Open-Source Internship opportunity by OpenGenus for programmers. Apply now.
Reading time: 25 minutes | Coding time: 10 minutes
Heapsort is an efficient in-place comparison based sorting algorithm with O(N log N) time complexity and uses a data structure to achieve it. It uses a complete Binary Heap data structure to sort the elements depending on whether the heap is Min Heap (ascending) or Max heap (descending). A binary heap is a complete binary tree, that is, all the levels of the tree are completely filled except, possibly the last level. And the insertion of elements is done from the left and goes to right.
Algorithm
Consider that we are using Max heap as the underlying structure for heapsort.
Max heap is a binary heap such as the root node is larger than all nodes that are a part of its left and right sub trees which are in turn max heap. An instant insight is that the root node of a max heap is the maximum element of the set of elements
Hence, the first step is to create a Max heap from the given set of N elements. This step takes O(N) time complexity
Second step is to remove the root element which is the largest element and replace it with the bottom most node which is a left. Hence, the set of elements has now N-1 elements and the tree is not a max heap. To make it a Max heap again, we need to check each node and swap the parent and child nodes accordingly. This step takes O(log N) time complexity.

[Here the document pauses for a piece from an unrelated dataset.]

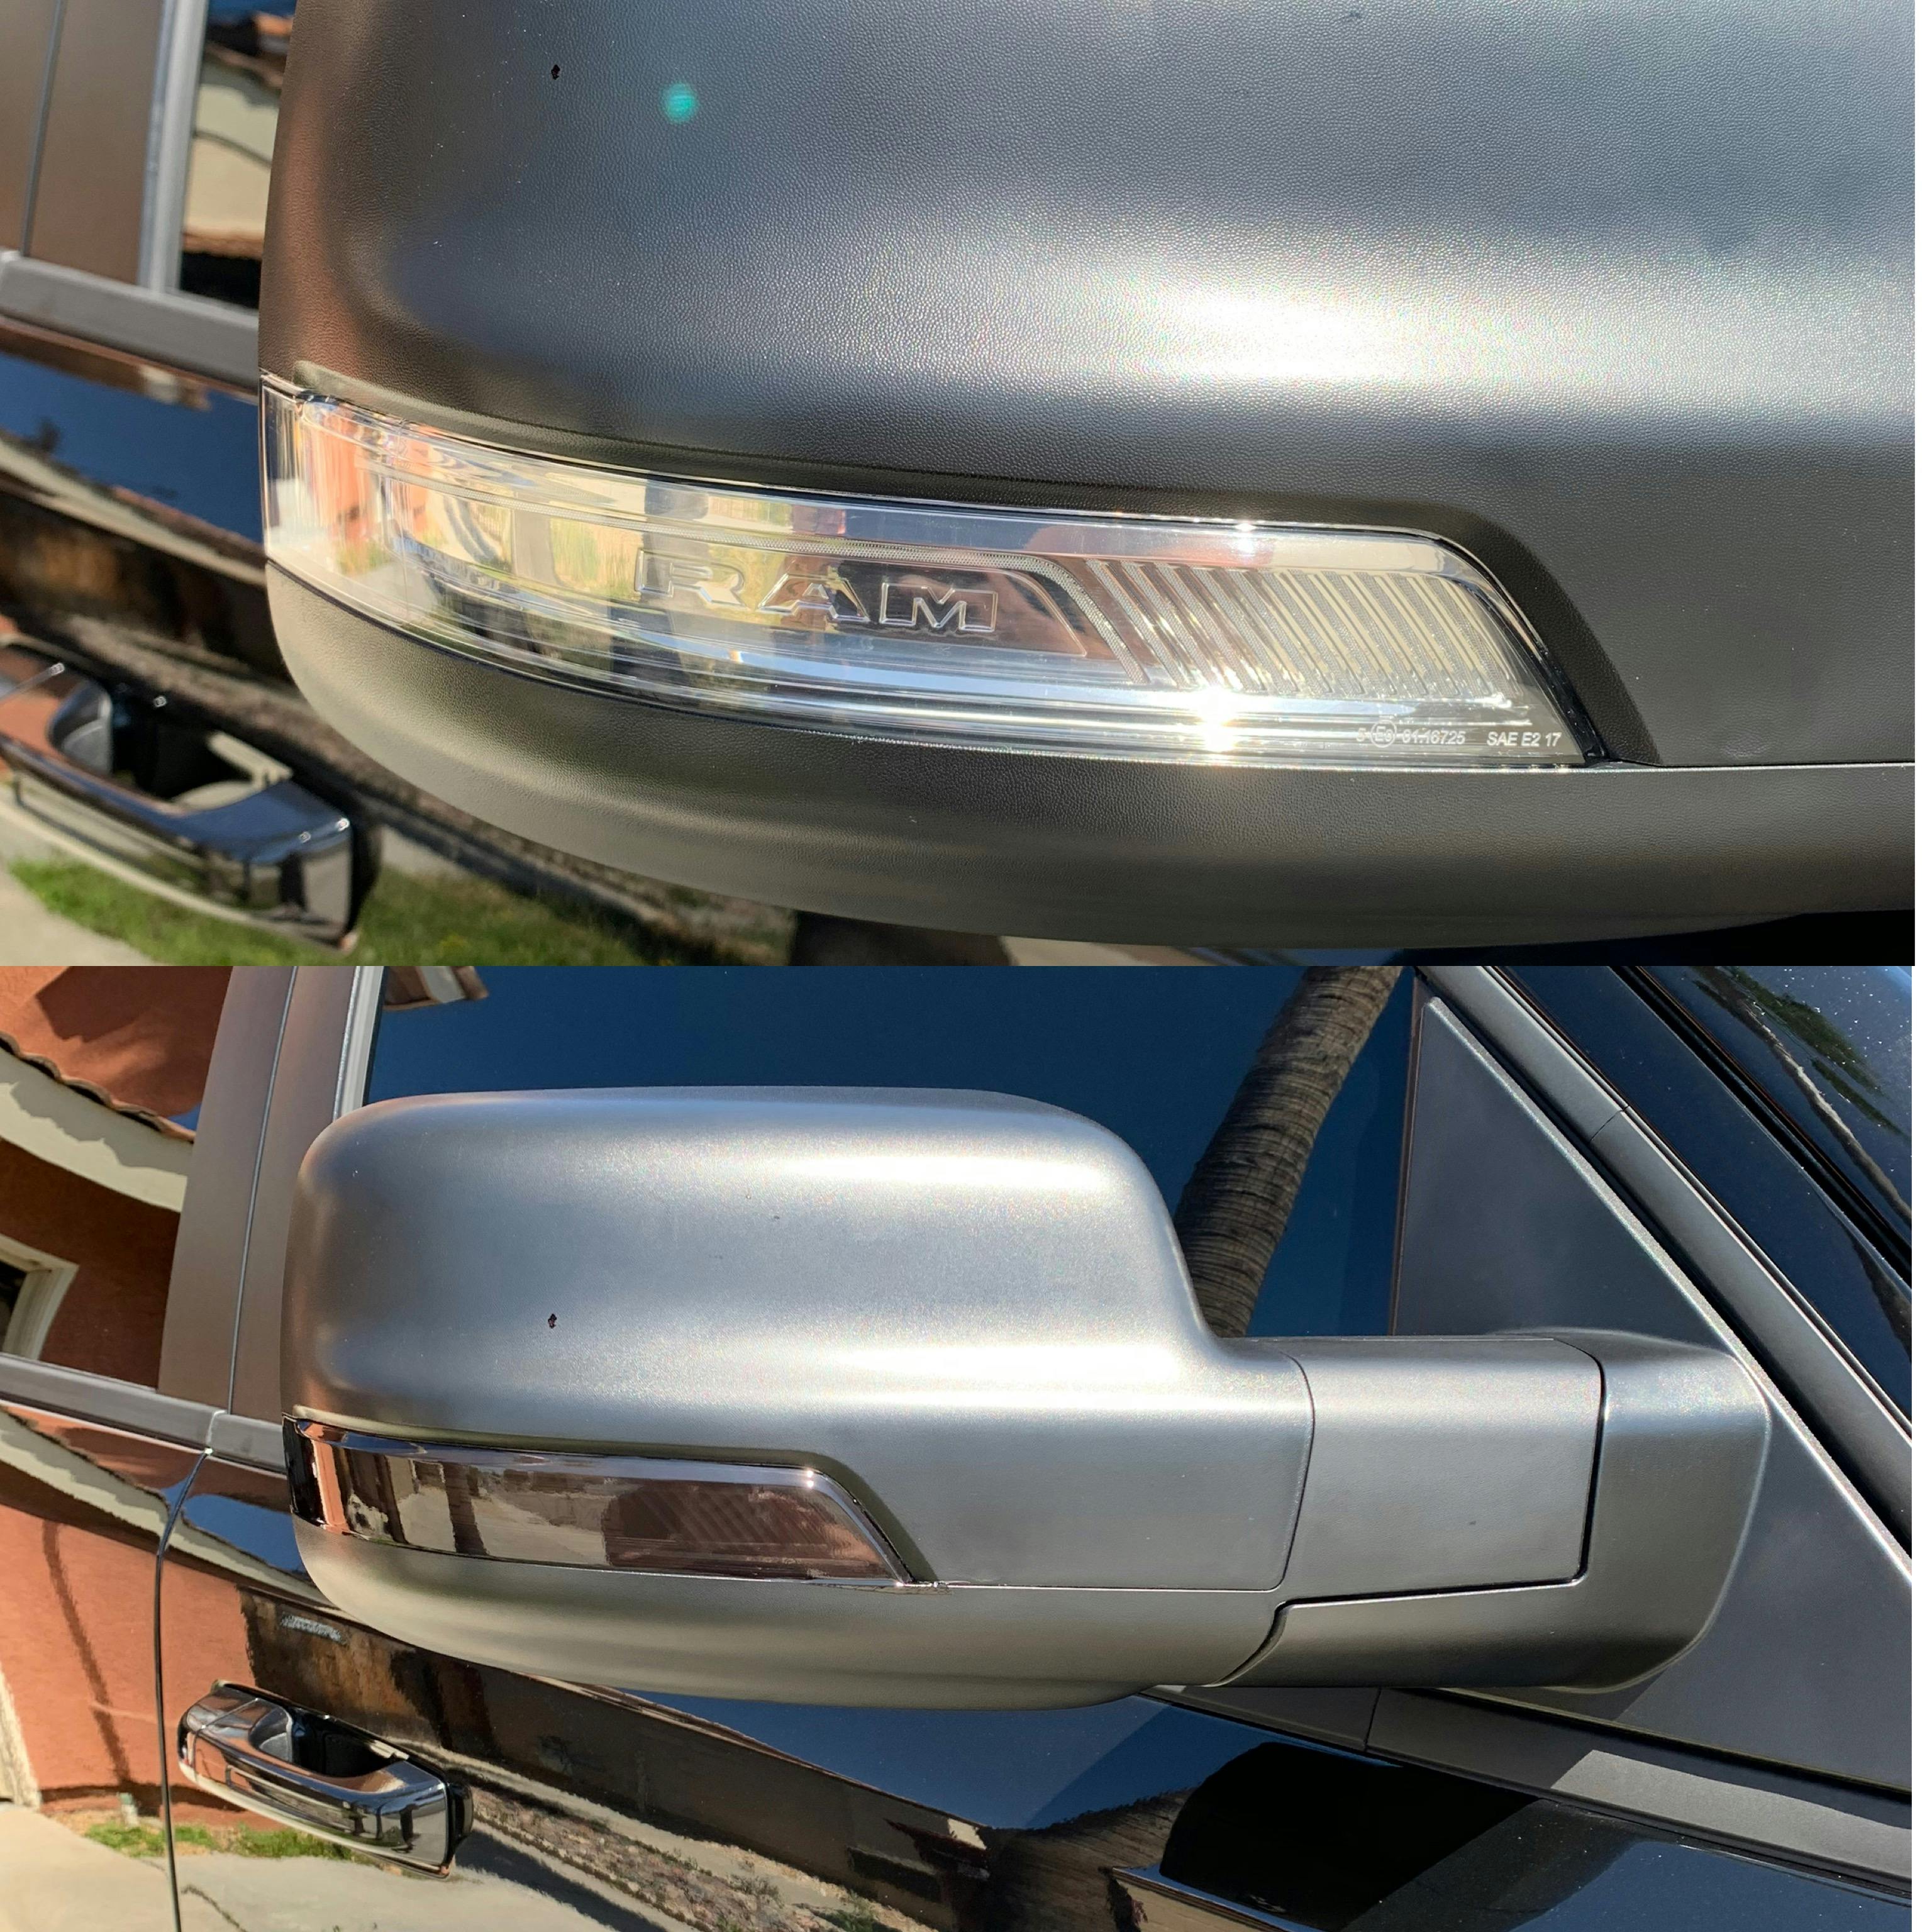 2019+ Dodge Ram 1500 Mirror Light Tint Kit - Overlays 2019 Ram 1500 Windshield Replacement Cost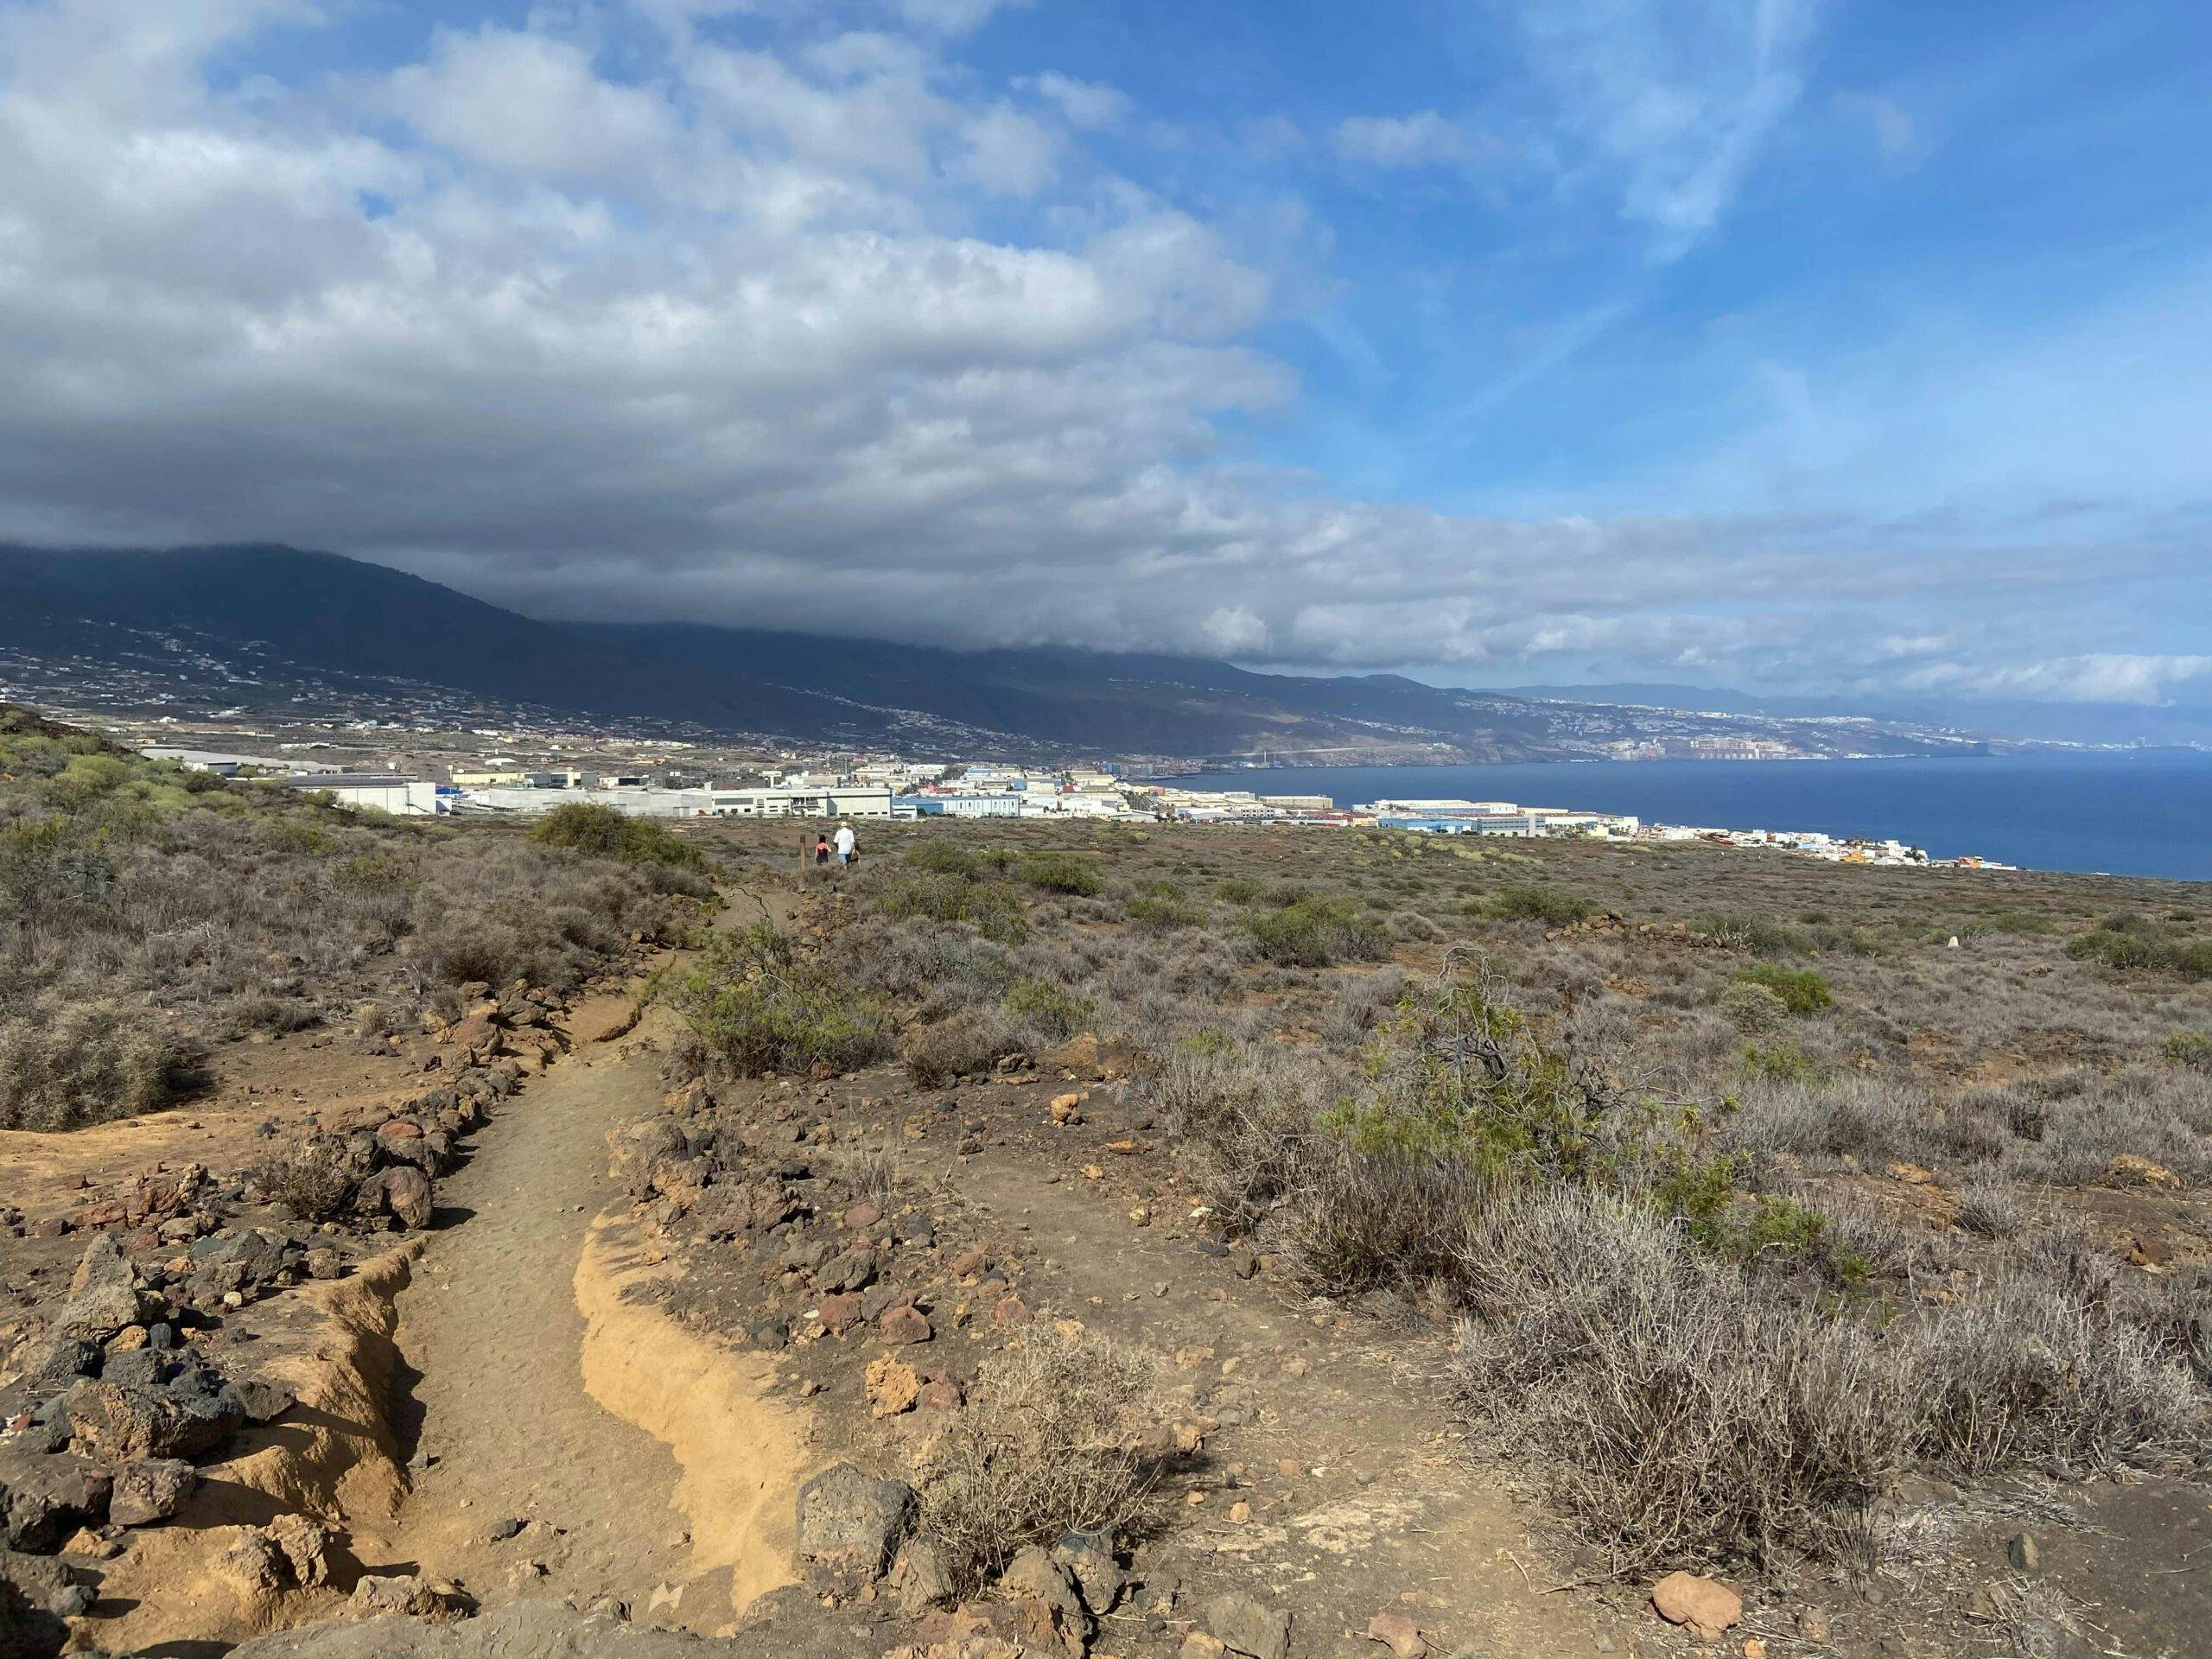 View of the coast towards Santa Cruz de Tenerife

The above step is repeated N-1 times till we are left with only one element.
Hence, the overall complexity is O(N log N) and it uses are fundamental property of binary heaps to sort a dataset.
Complexity
- Worst case time complexity:
Θ(nlogn)
- Average case time complexity:
Θ(nlogn)
- Best case time complexity:
Θ(nlogn)
- Space complexity:
Θ(1)
Pseudocode
procedure heapsort(array, n):
// Step 1: creating the initial Max heap
for i = n/2 - 1 to 0 do:
heapify(array, n, i)
// Step 2: Removing one element and maintaining the heap property
for i = n-1 to 0 do:
swap(array[0], array[i])
heapify(array, i, 0)
procedure heapify(array, n, i)
// initialize largest as root and get left and right nodes
int largest = i;
int left_node = 2*i + 1;
int right_node = 2*i + 2;
// Check if left node exists and is larger than root. If yes, change it
if(left_node < n && arr[left_node] > arr[largest])
largest = left_node;
// Check if right node exists and is larger than root. If yes, change it
if(right_node < n && arr[right_node] > arr[largest])
largest = right_node;
// change root, if needed
if(largest != i)
swap(arr[i], arr[largest]);
heapify(arr, n, largest);
Example
Dataset: 4 10 3 5 1
We create a heap which we covert to a Max Heap in O(N) time complexity
(1) Building a Heap tree. (2) Creating a Max heap in which child nodes are less than root node.
(2) Swap 1st and last nodes (10 and 1) and build heap again. (3) Exclude last node and heapify again.
(2) Swap 1st and last node (5 and 1) and build heap. (3) Exclude last node and heapify.
(2) Swap 1st and last node (4 and 3) and build heap. (3) Exclude last node and heapify.
(2) Swap 1st and last node (3 and 1) and build heap. (3) Exclude last node and heapify. Final array is sorted.
Implementations
- C
C
#include <stdio.h>
void heapsort(int arr[], int n);
void heapify(int arr[], int n, int i);
void swap(int* a, int* b);
int main()
{
int n, i;
printf("Enter number of elements to input: ");
scanf("%d", &n);
int arr[n];
printf("Enter the elements\n");
for(i = 0; i < n; i++)
scanf("%d", &arr[i]);
heapsort(arr, n);
printf("Elements after sorting\n");
for(i = 0; i < n; i++)
printf("%d ", arr[i]);
}
void heapsort(int arr[], int n)
{
int i;
// Build a max heap
for(i = n/2 - 1; i >= 0; i--)
heapify(arr, n, i);
// One by one extract elements
for(i = n-1; i >= 0; i--)
{
swap(&arr[0], &arr[i]);
heapify(arr, i, 0);
}
}
void heapify(int arr[], int n, int i)
{
// initialize largest as root and get left and right nodes
int largest = i;
int left_node = 2*i + 1;
int right_node = 2*i + 2;
// Check if left node exists and is larger than root. If yes, change it
if(left_node < n && arr[left_node] > arr[largest])
largest = left_node;
// Check if right node exists and is larger than root. If yes, change it
if(right_node < n && arr[right_node] > arr[largest])
largest = right_node;
// change root, if needed
if(largest != i)
{
swap(&arr[i], &arr[largest]);
heapify(arr, n, largest);
}
}
void swap(int* a, int* b)
{
int temp = *a;
*a = *b;
*b = temp;
}
Applications
- Finding extremas - Heap sort can easily be used find the maxima and minimum in a given sequence of numbers.
- Job Scheduling - In Linux OS, heapsort is widely used for job scheduling of processes due to it's O(nlogn) time complexity and O(1) space complexity.
- Graph Algorithms - It can used in the implementation of priority queue for Djikstra's algorithm, Prim's algorithm and Huffmann encoding as well.
Disadvantages
- Heap sort is not a stable sort and requires constant space for sorting.
- Memory management is quite complex due to heap data structure.